Mark McElroy of Connected Nation showed a picture of a mule pulling cable into a rural eastern Kentucky community. Before the mule was a community that wanted broadband. Behind it was a public-private effort to get that service to them.
“This is digital inclusion in Kentucky,” McElroy said during the technology workshop Friday morning.
Connected Nation began as a public-private partnership in Kentucky and has expanded into several other states as the need to expand broadband technology across the country grows.
McElroy and Julia Johnson, chairwoman of the Video Access Alliance, discussed efforts across the country to get more people online. McElroy outlined the various benefits—from health care to education to economic growth—of expanding broadband access across the country.

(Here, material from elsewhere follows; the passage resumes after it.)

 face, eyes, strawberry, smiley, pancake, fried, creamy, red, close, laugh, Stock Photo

And, McElroy pointed out, many of the jobs in the future haven’t even been developed yet. The United States, he said, needs to make sure its students are competitive with students around the world, and having access to broadband technology can help achieve that goal.

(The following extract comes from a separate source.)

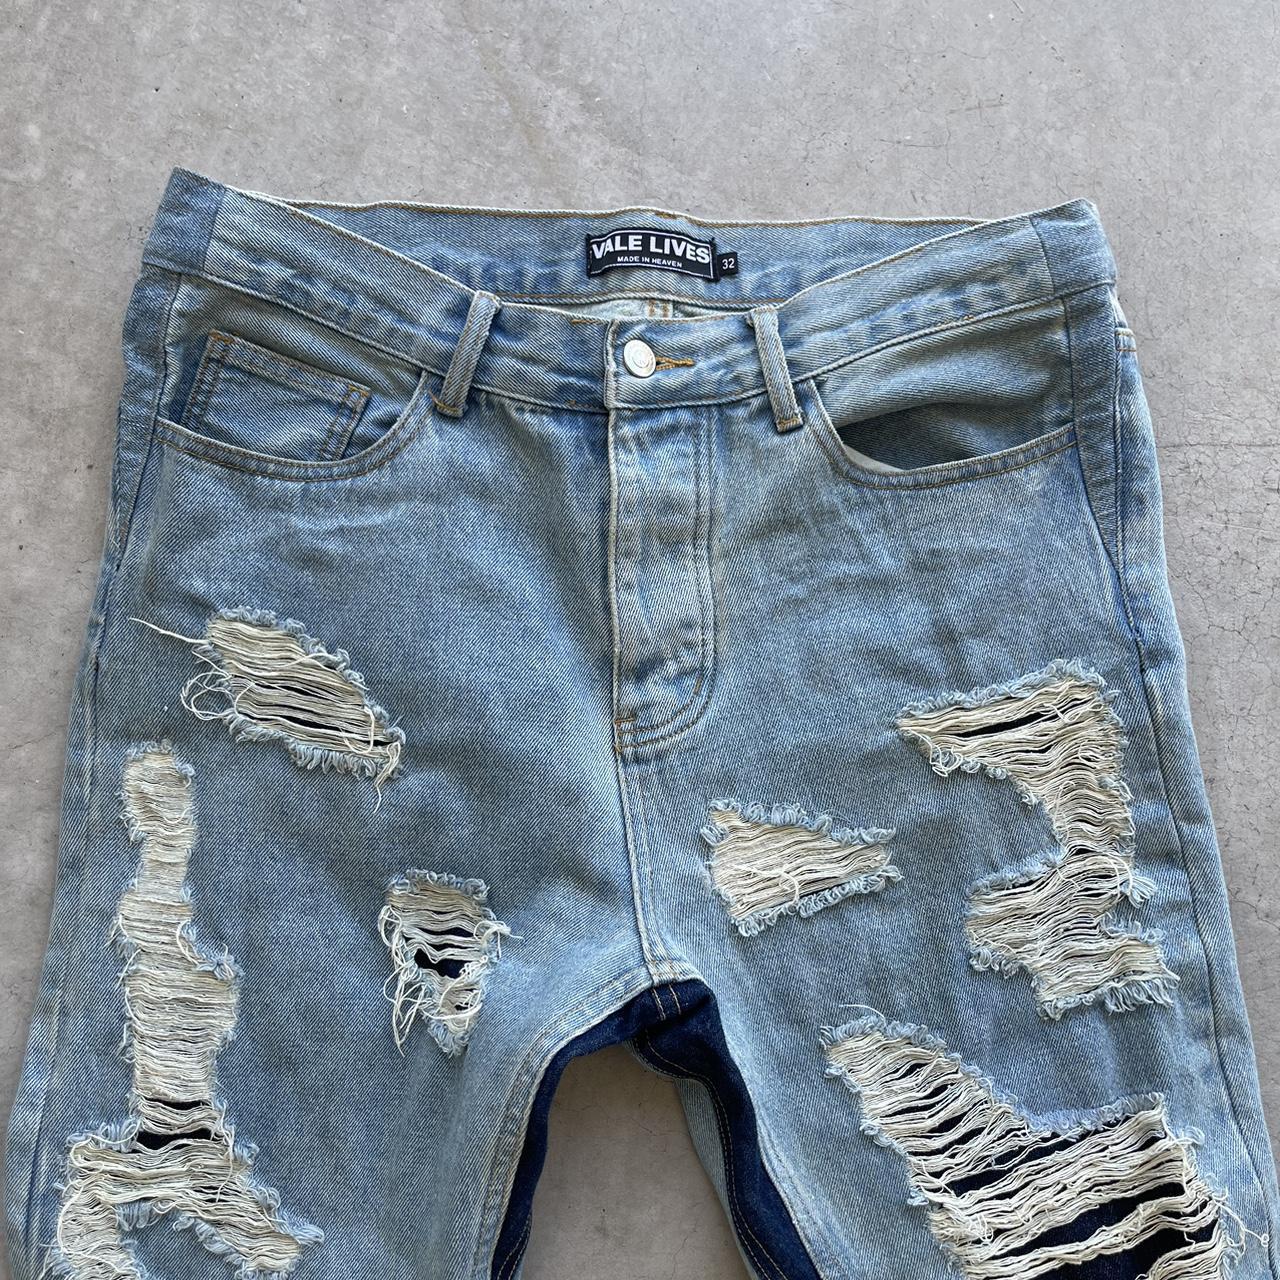 Vale Lives old season of denim. Not sure on the year... - Depop

Connected Nation donated computers to many students in the states it serves, but McElroy stressed the key component is having broadband access.

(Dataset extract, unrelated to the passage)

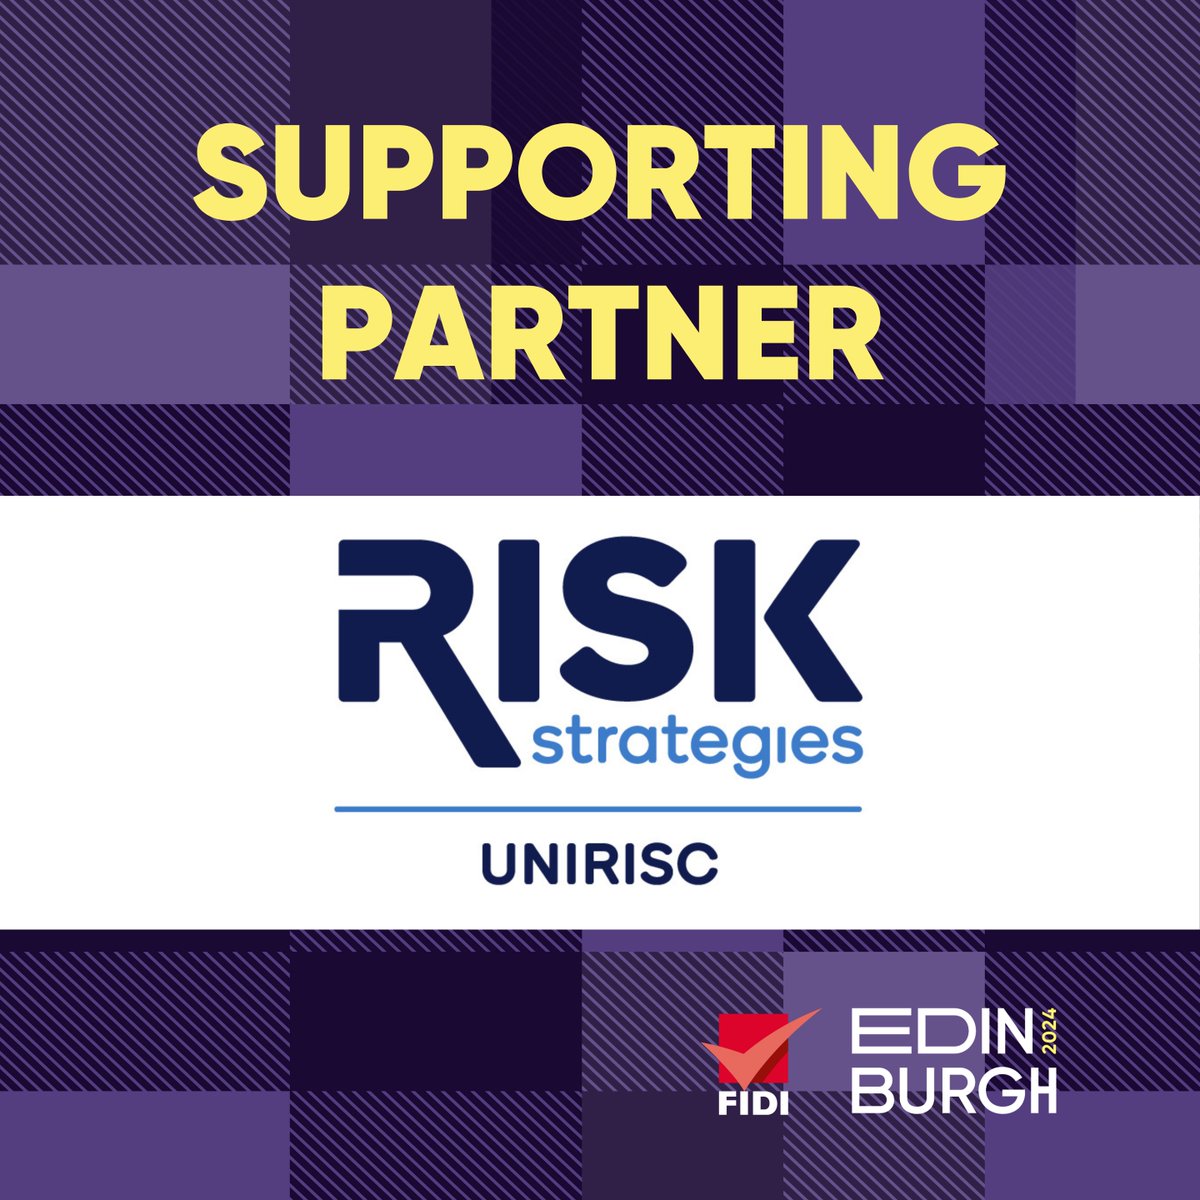 🌍 #2024FIDIconference: Thank you, @RiskStrategies, for being a partner of the 2024 FIDI Conference in Edinburgh! Get the app to connect with attendees, book meetings & view your agenda : 🔶Google Play Store ➡ lnkd.in/e86wv6Jv 🔶Apple App Store ➡ lnkd.in/e7XJ6xun

Johnson echoed those remarks, and added that it’s also important to provide content that will draw people to the sites that can help them.
“We spend most of our time focused on the transformative power of broadband and what that is doing for all of our states,” Johnson said of her nonprofit organization, which encourages multiple platforms for delivering information and entertainment.
“We have an extraordinary platform that is still being underutilized,” she said. “We are working together to make sure we get the biggest bang from our technology.”